MIDLAND, Mich. — The United States Federal District Court will hear oral arguments today in a challenge to Michigan’s Blaine amendment, brought by five families across the state and the PACE Foundation, a nonprofit membership organization of Michigan parents who support the right to choose educational opportunities for their children. The families and the PACE Foundation are being represented by the Mackinac Center Legal Foundation and Bursch Law.
“We’re hoping that our parental rights are honored with freedom of choice for our child’s education and for all others to have equal and obtainable opportunities for their child to get the education they feel their children deserve,” said Jill Hile, a Kalamazoo parent of a first-grade student and Mackinac Center client.

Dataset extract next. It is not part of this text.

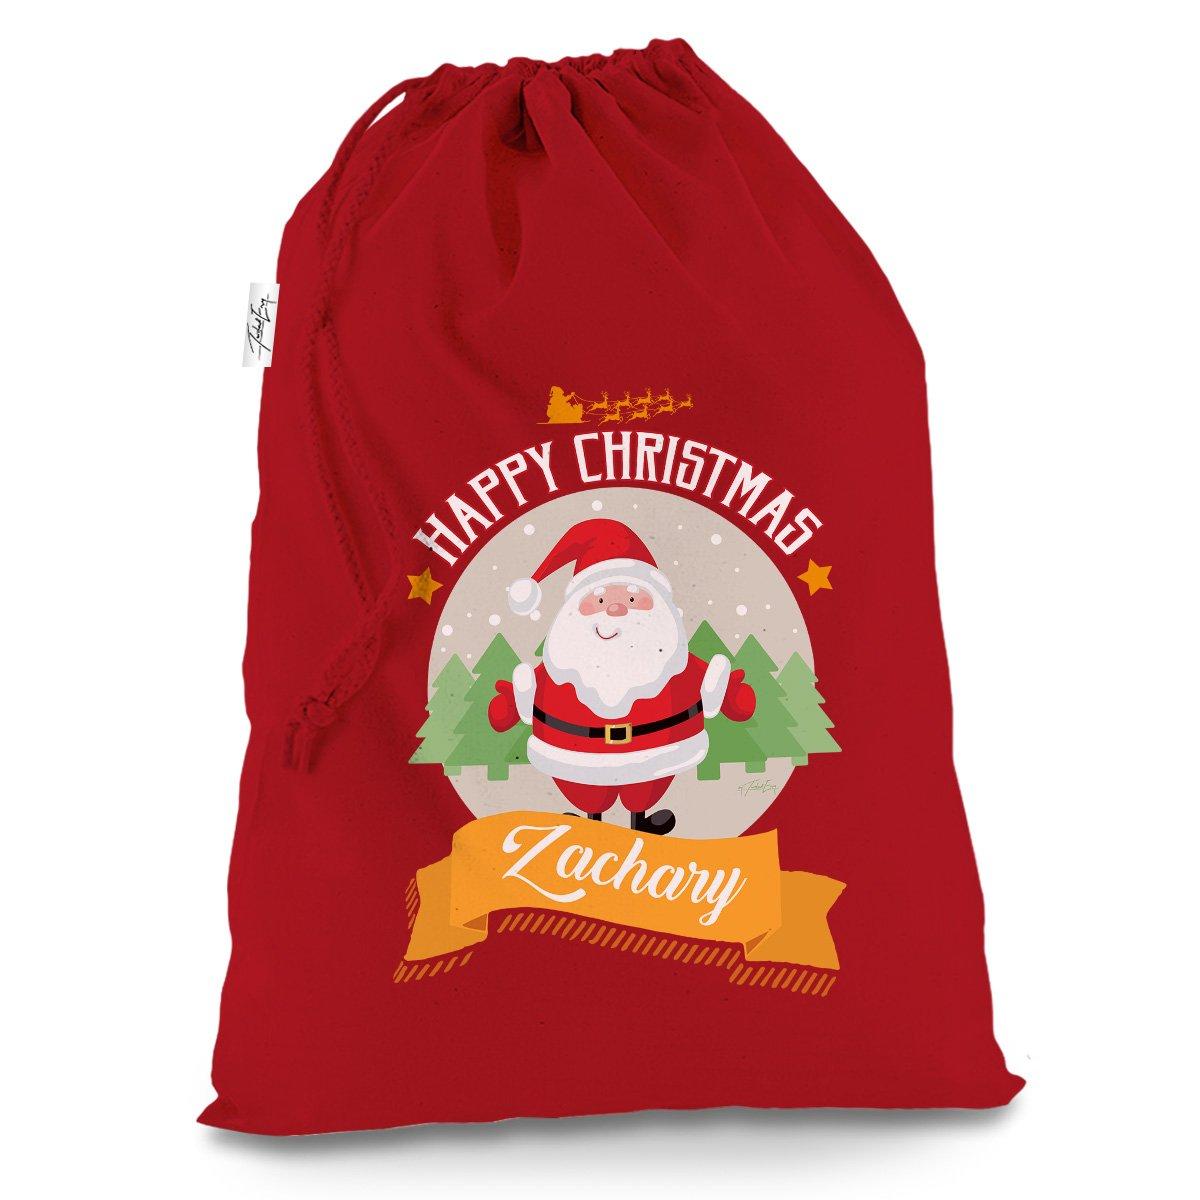 Personalised Merry Christmas From Santa Large Red Christmas Present Santa Sack Mail Post Bag

Another client and parent of three children in elementary and middle school, Nicole Leitch of Charlotte, expressed hope that this case would “open the doors for education reform and expand school choice opportunities.”
The lawsuit, filed in September of 2021, seeks to allow tax-exempt education savings accounts to be used for private education. The Michigan Constitution currently has a discriminatory provision that does not allow any public funds to be used toward private schools. This stands in the way of parents’ ability to gain tax benefits from using their self-funded 529 accounts to help cover the cost of private school tuition.
“We are hopeful this case will open the door to bring choice in education to all families in Michigan,” said Jessie Bagos, a parent of two first-grade students and client of the Mackinac Center. “It’s important that our children have the best available options to succeed in life and school.”
The U.S. Supreme Court struck down other states’ similar amendments in its 2020 ruling in Espinoza v. Montana Dept. of Revenue, but the overly restrictive language in Michigan’s amendment makes the state an outlier.
“The Court should follow the direction of the U.S. Supreme Court and knock down this unconstitutional and discriminatory barrier,” said Patrick J. Wright, director of the Mackinac Center Legal Foundation. “A positive decision could open up doors for families and students who wish to pursue different educational options.”